Friday 23 June 2017

Fruit from the volcano

Katherine Donnelly

Katherine Donnelly

See Naples and die, they say. I have another take on that: taste some of the wines from that region and enjoy a little heaven on earth. Campania may not spring off the tongue like Chianti, but it is the home of some of Italy's finest, going back to the days of the Roman Empire.

And if the torrid heat of southern Italy doesn't inspire images of fine wine, it is at the cooler altitudes in volcanic soils (remember, this is Vesuvius country) that it yields its treasures, now also benefiting from investment and innovative winemaking.

A brief introduction to some of its most notable grape varieties may be necessary because, suddenly, more of them are making their way on to Irish shelves.

There is Aglianico, an emperor of a red, and a trio of aristocratic whites: Greco di Tufo, Fiano and Falanghina.

Aglianico's firm structure and concentrated dark fruit makes it one of Italy's best grapes. It performs particularly well in the Taurasi area, so much so that when produced there it has DOCG status, the highest designation in Italy's wine hierarchy. It can age really well, but may also be enjoyed young.

Greco di Tufo has a peaches and almond quality, and the volcanic soils in the Tufo area impart a minerality that makes it the perfect match with the milky mozzarella cheese.

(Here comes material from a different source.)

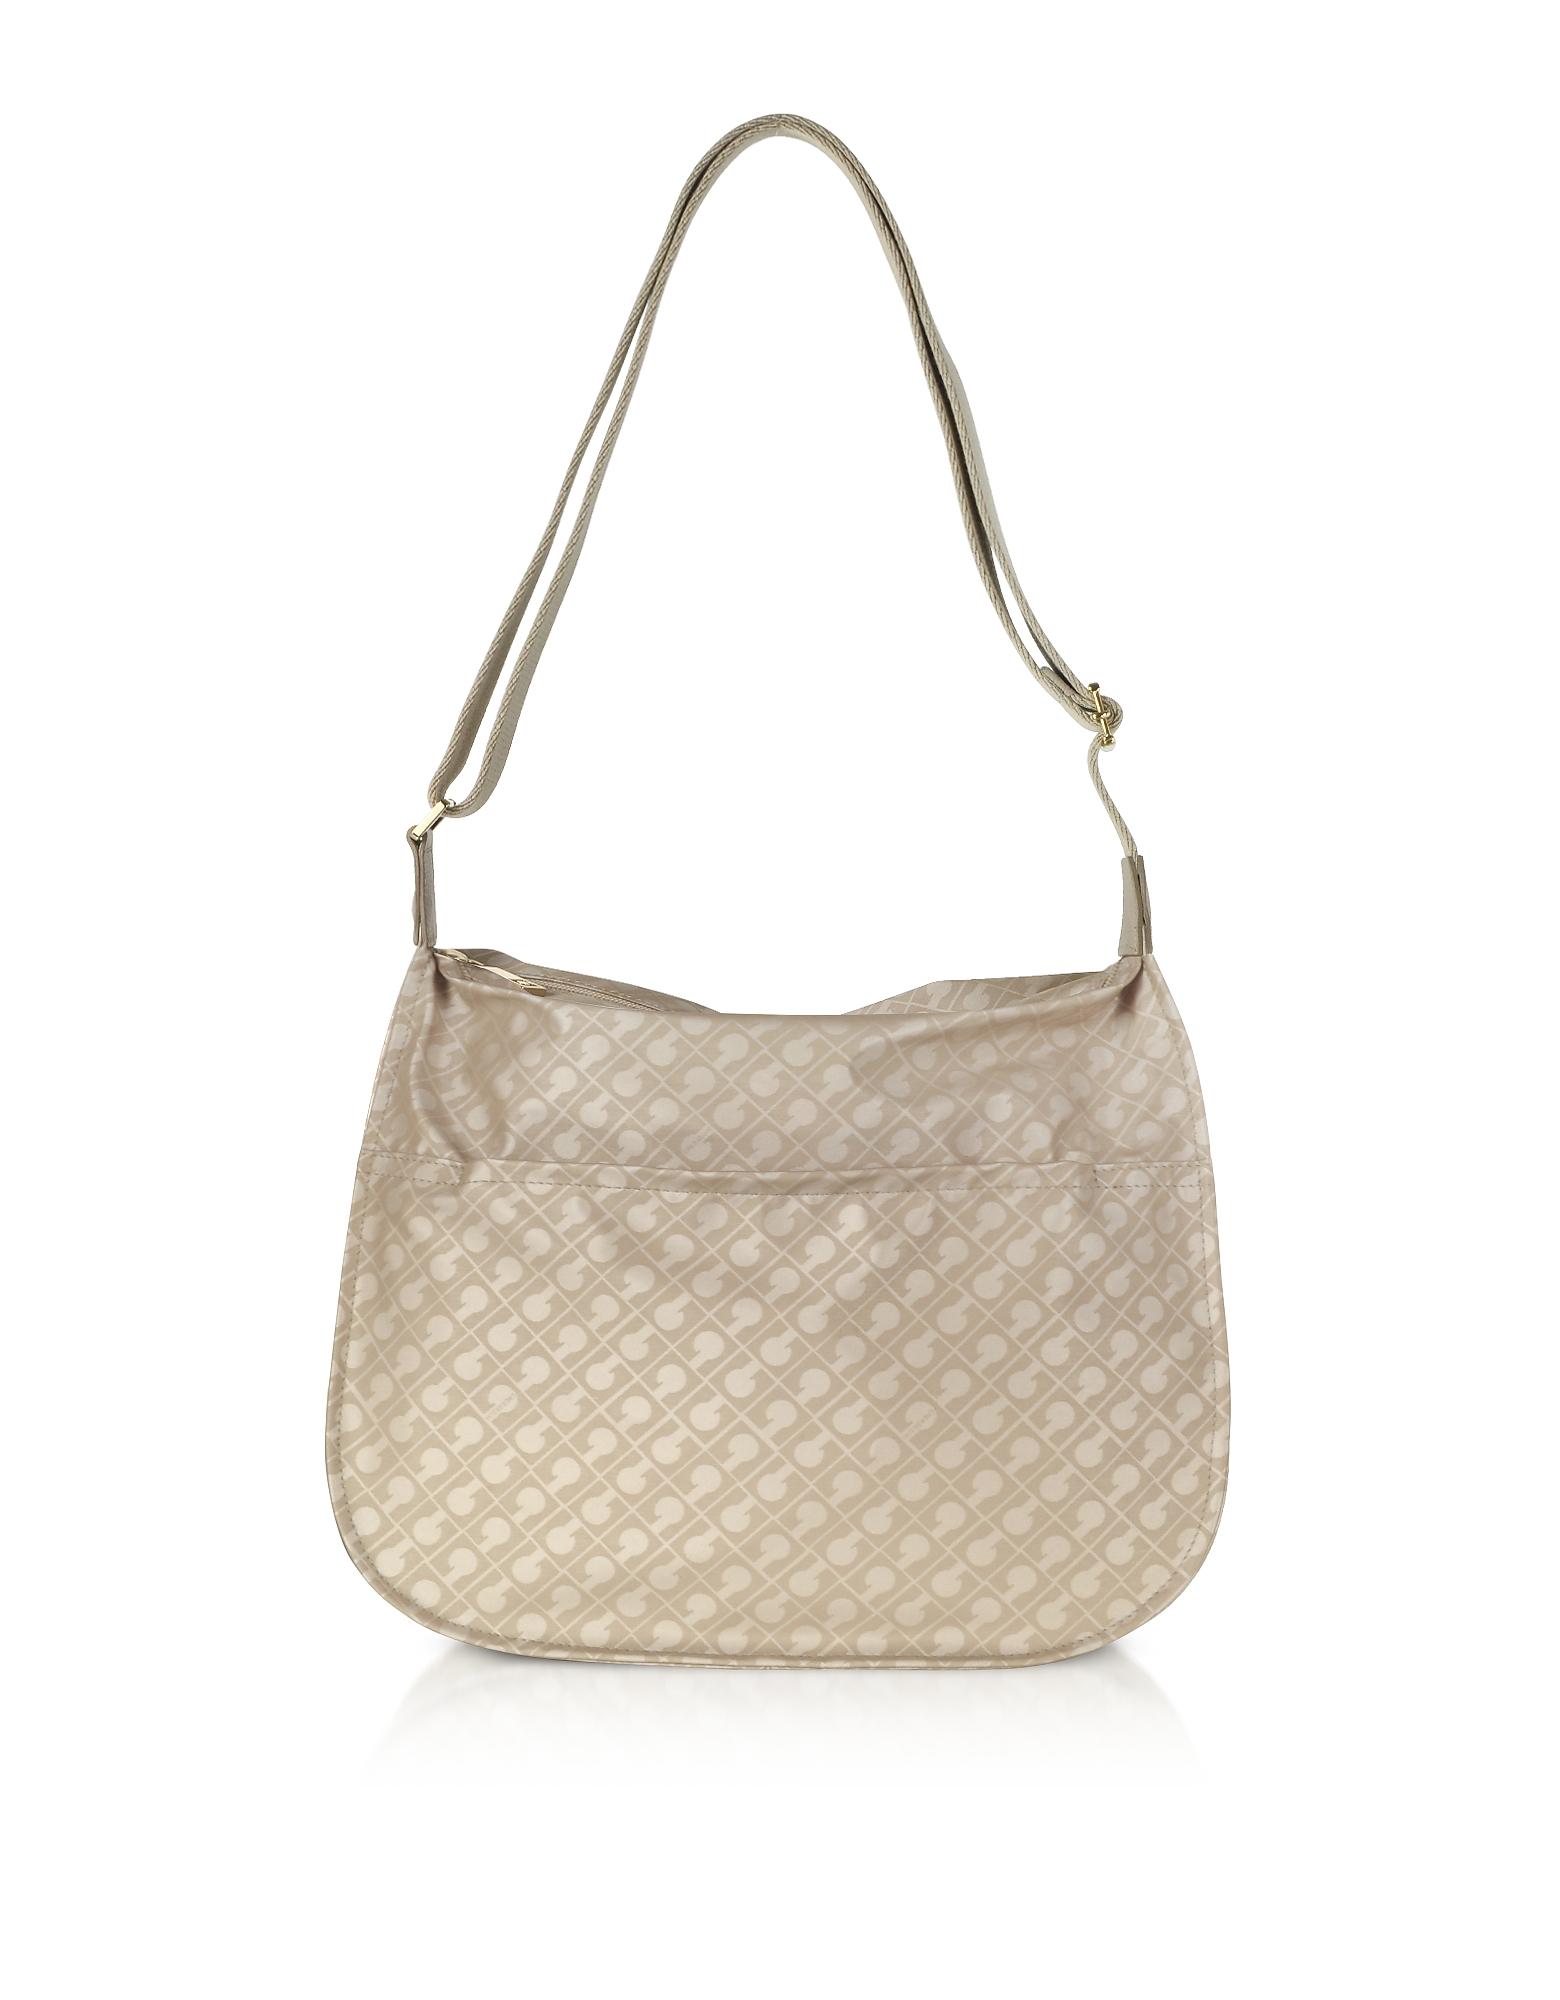 Gherardini Handbags, Signature Coated Canvas Softy Shoulder Bag

Did you know that the premium buffalo mozzarella is also a native of Campania?

According to Antonio Capaldo, president of the Feudi di San Gregorio winery, a driving force in Campania's wine renaissance, Greco "washes" the mouth after milky dishes and raw fish. He describes Fiano as the most structured and complex varietal of the region, making wines that can age for 10-15 years, and a good choice with pastas, fish and spicy food.

It is best around Avellino, marrying the minerality of the soil with softer and sweeter elements, such as honey, apricot/peach, white and yellow flowers and roses. "In other words," says Antonio, "it is a tribute to our overall ecosystem."

Fiano name comes from Latin apiano, so called because the bees prefer it for its sweetness.

Then there's the less serious, but hugely enjoyable, Falanghina, whose floral, fruity notes have made it a hit with the young set in Italy. Increasingly, they are turning to it in preference to Pinot Grigio.

Star wine

Antolini Valpolicella Classico 2008 — from northern Italy, light bodied and fresh with a nice lingering aftertaste, its raspy, berry fruit and plum flavours and classic Valpolicella bite went down a treat with pizza. 12.5pc alc. €10.17.

Available from winesdirect.ie. Tel: 1890 579 579 (minimum order six bottles).